* **Required work**
Reproduce the following data exactly, minus any images.

* **Data extract**
______________________________
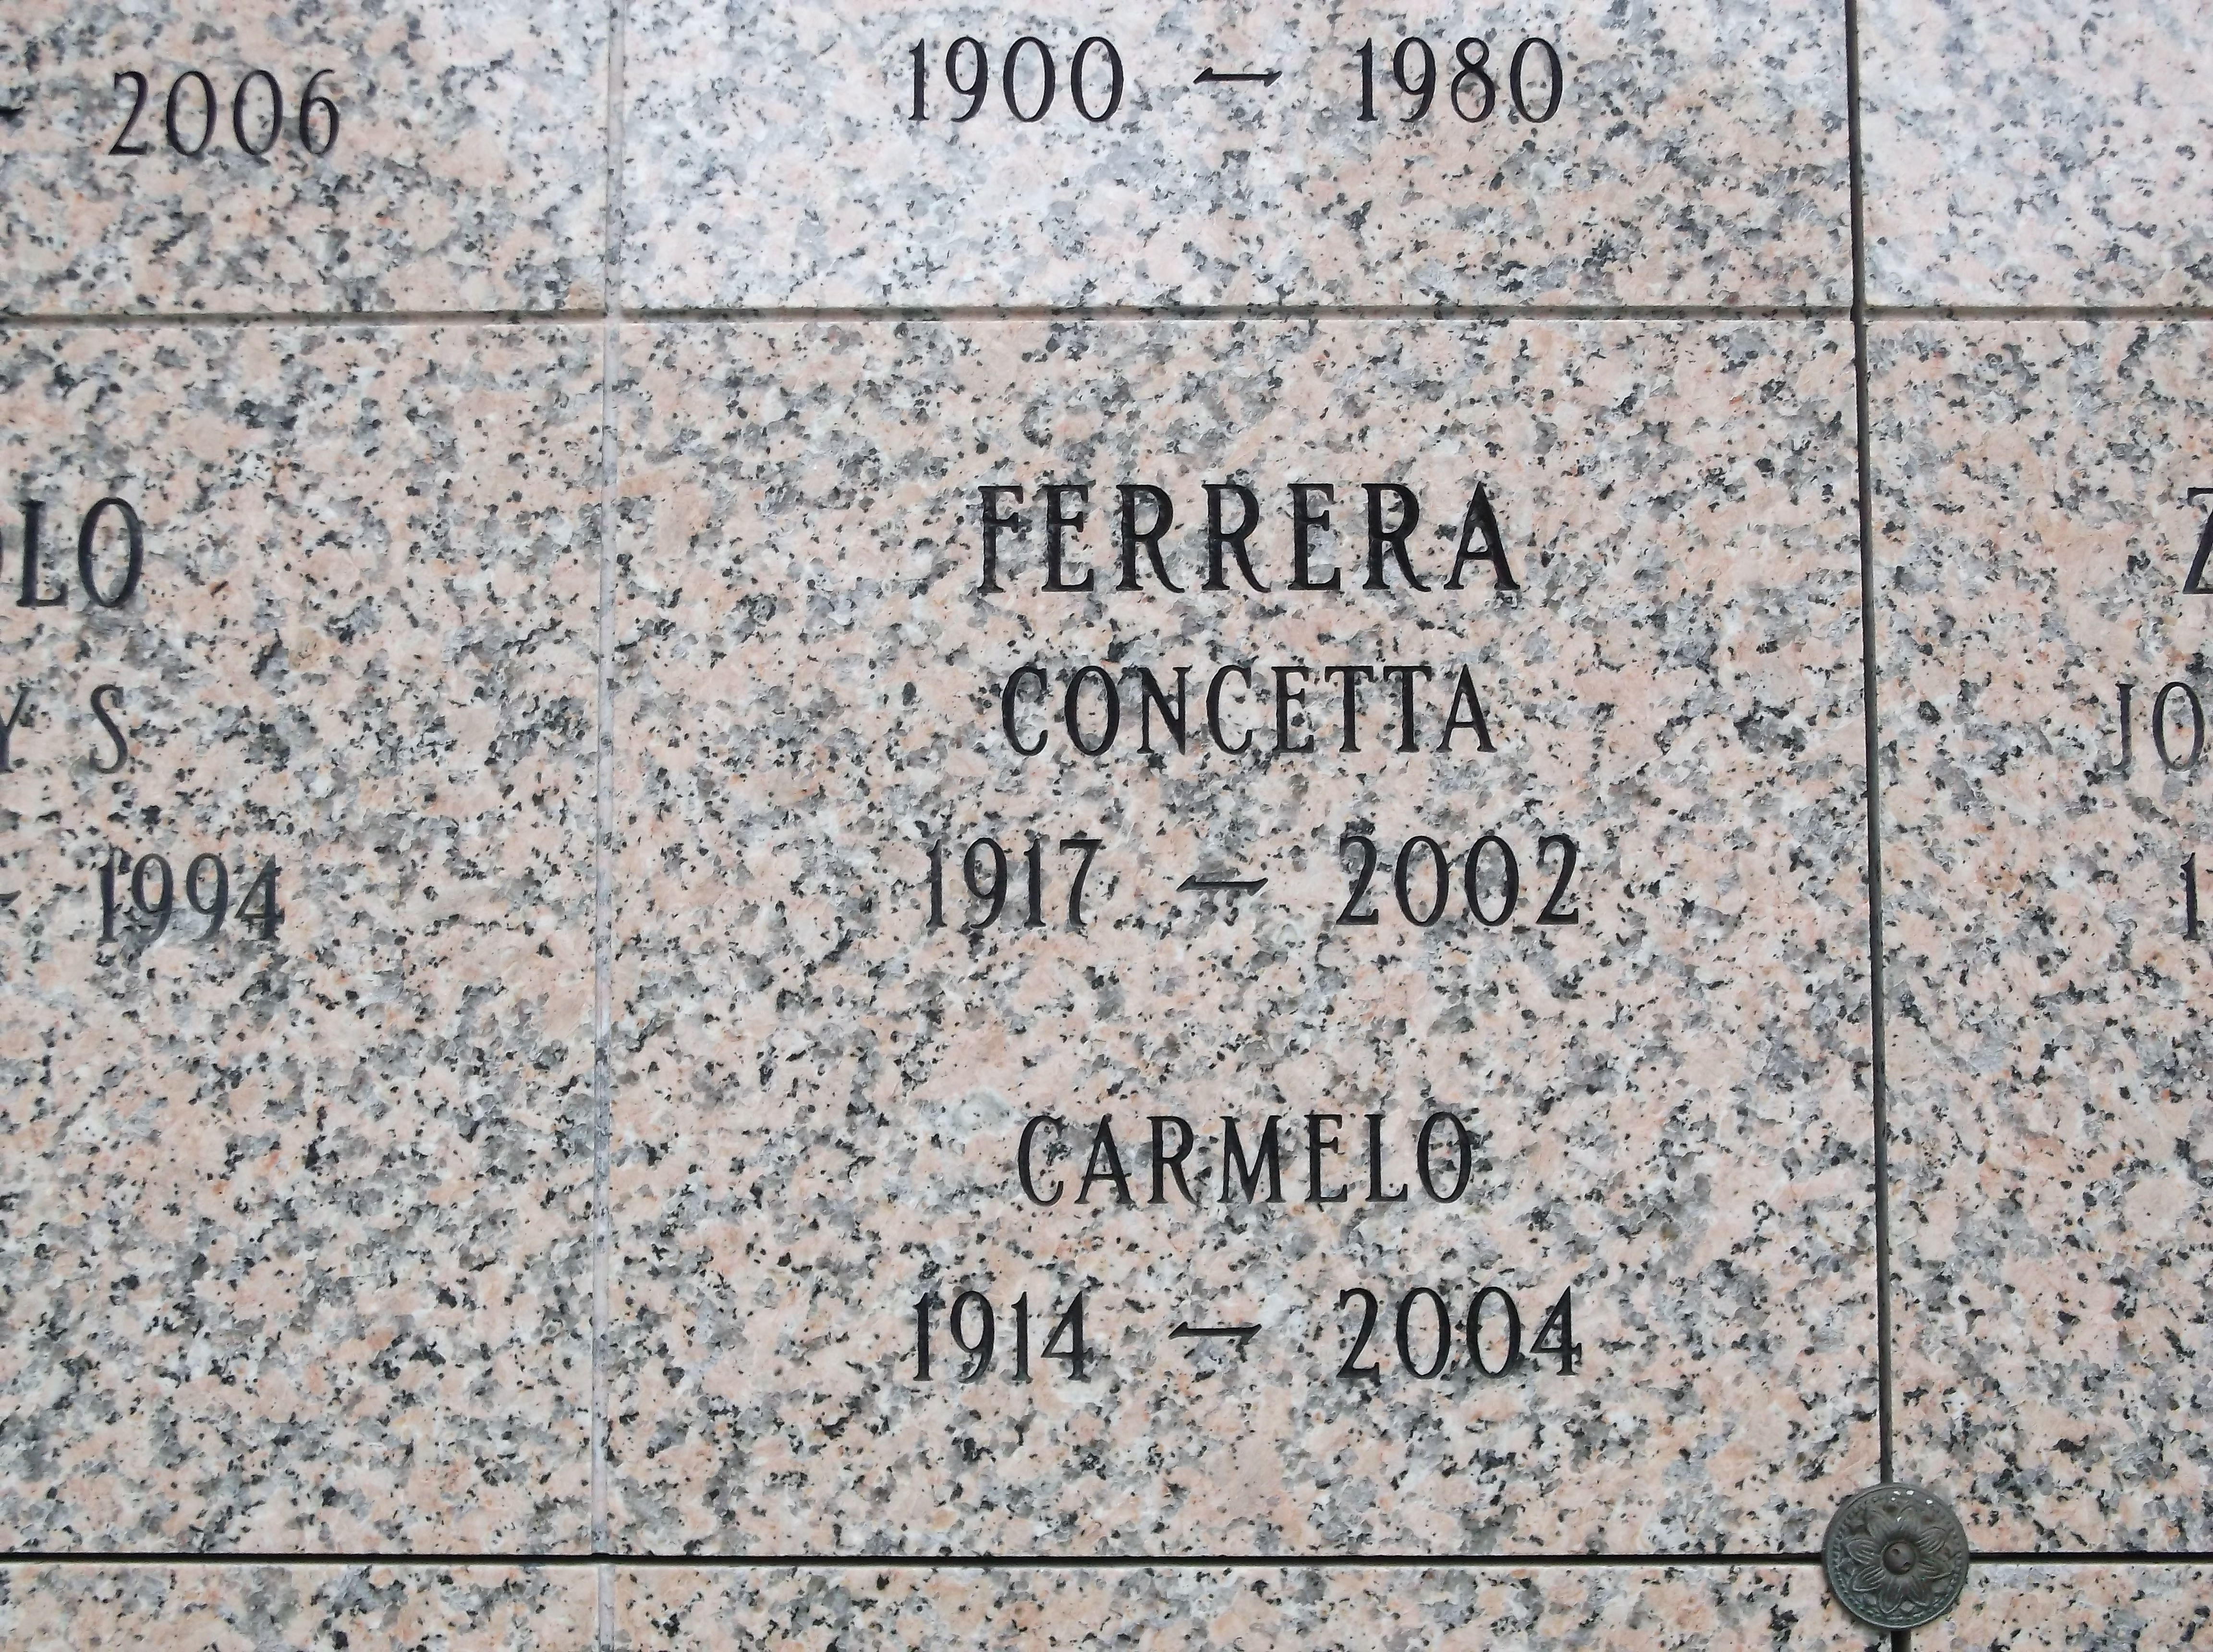 Carmelo Ferrera
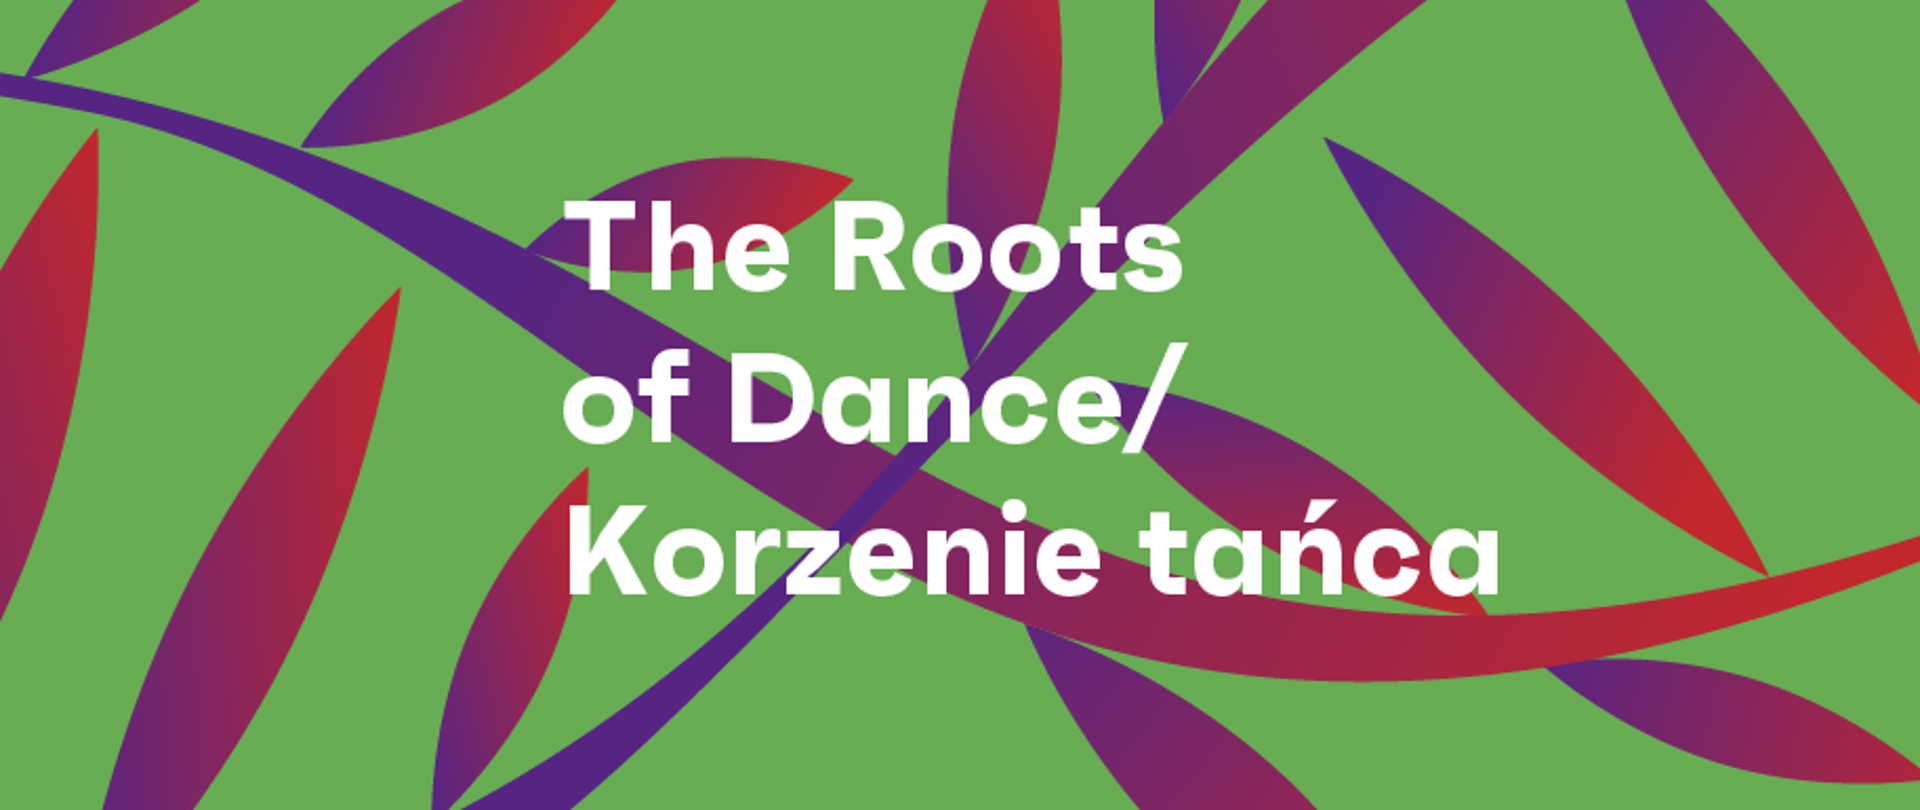 Projekt The Roots of Dance / Korzenie Tańca, Narodowy Instytut Muzyki i Tańca 
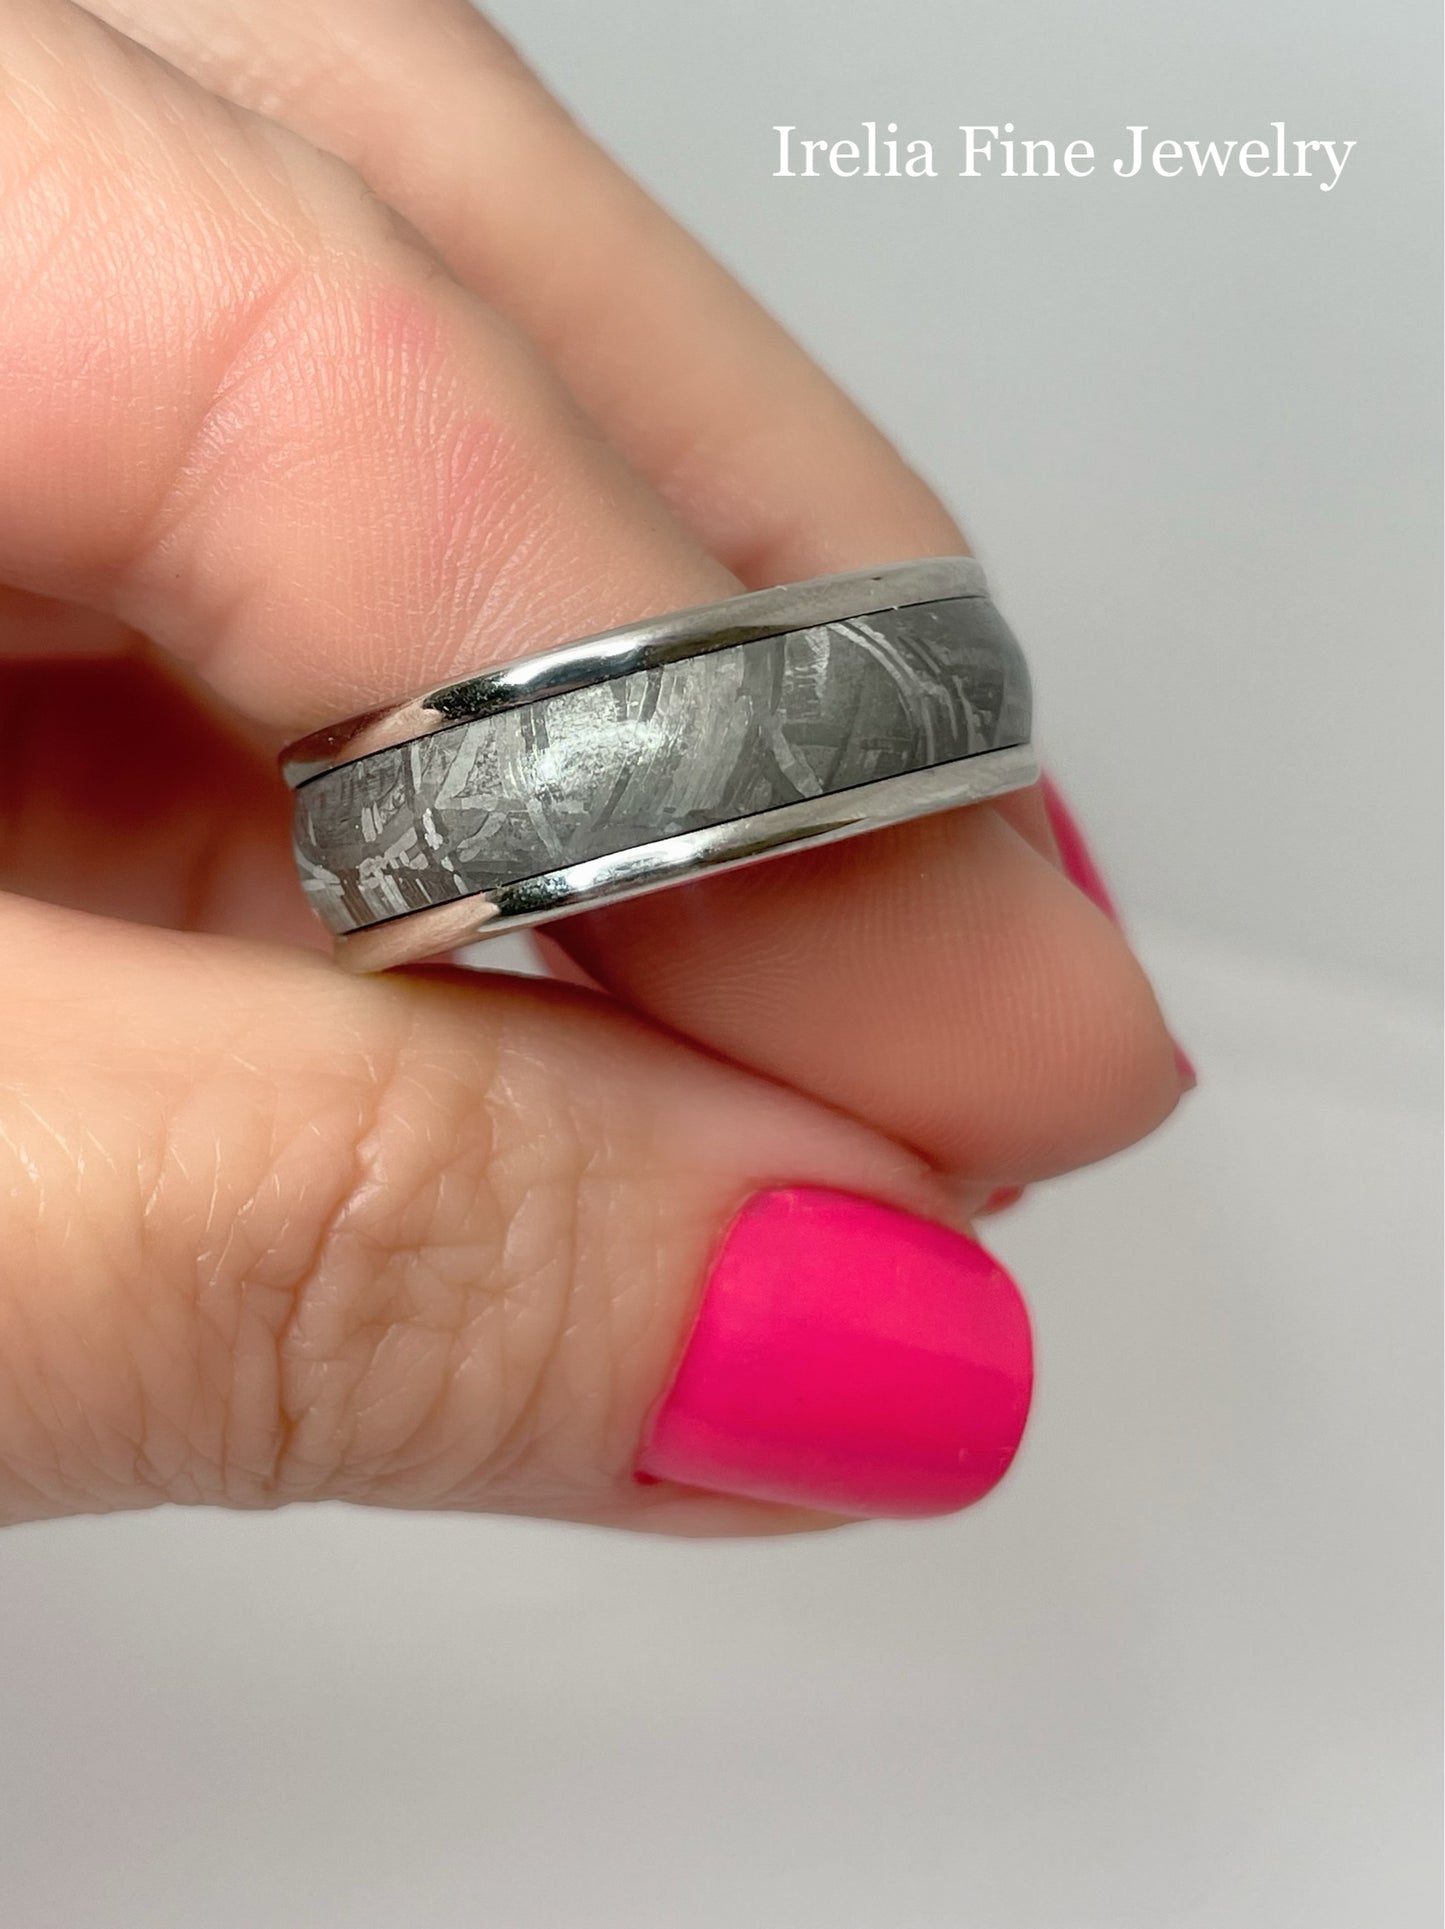 8mm Grey Tungsten Carbide Ring - Meteorite Insert with Round Edge Size 10
______________________________
* **Solution**
 Carmelo Ferrera
 Projekt The Roots of Dance / Korzenie Tańca, Narodowy Instytut Muzyki i Tańca 
 8mm Grey Tungsten Carbide Ring - Meteorite Insert with Round Edge Size 10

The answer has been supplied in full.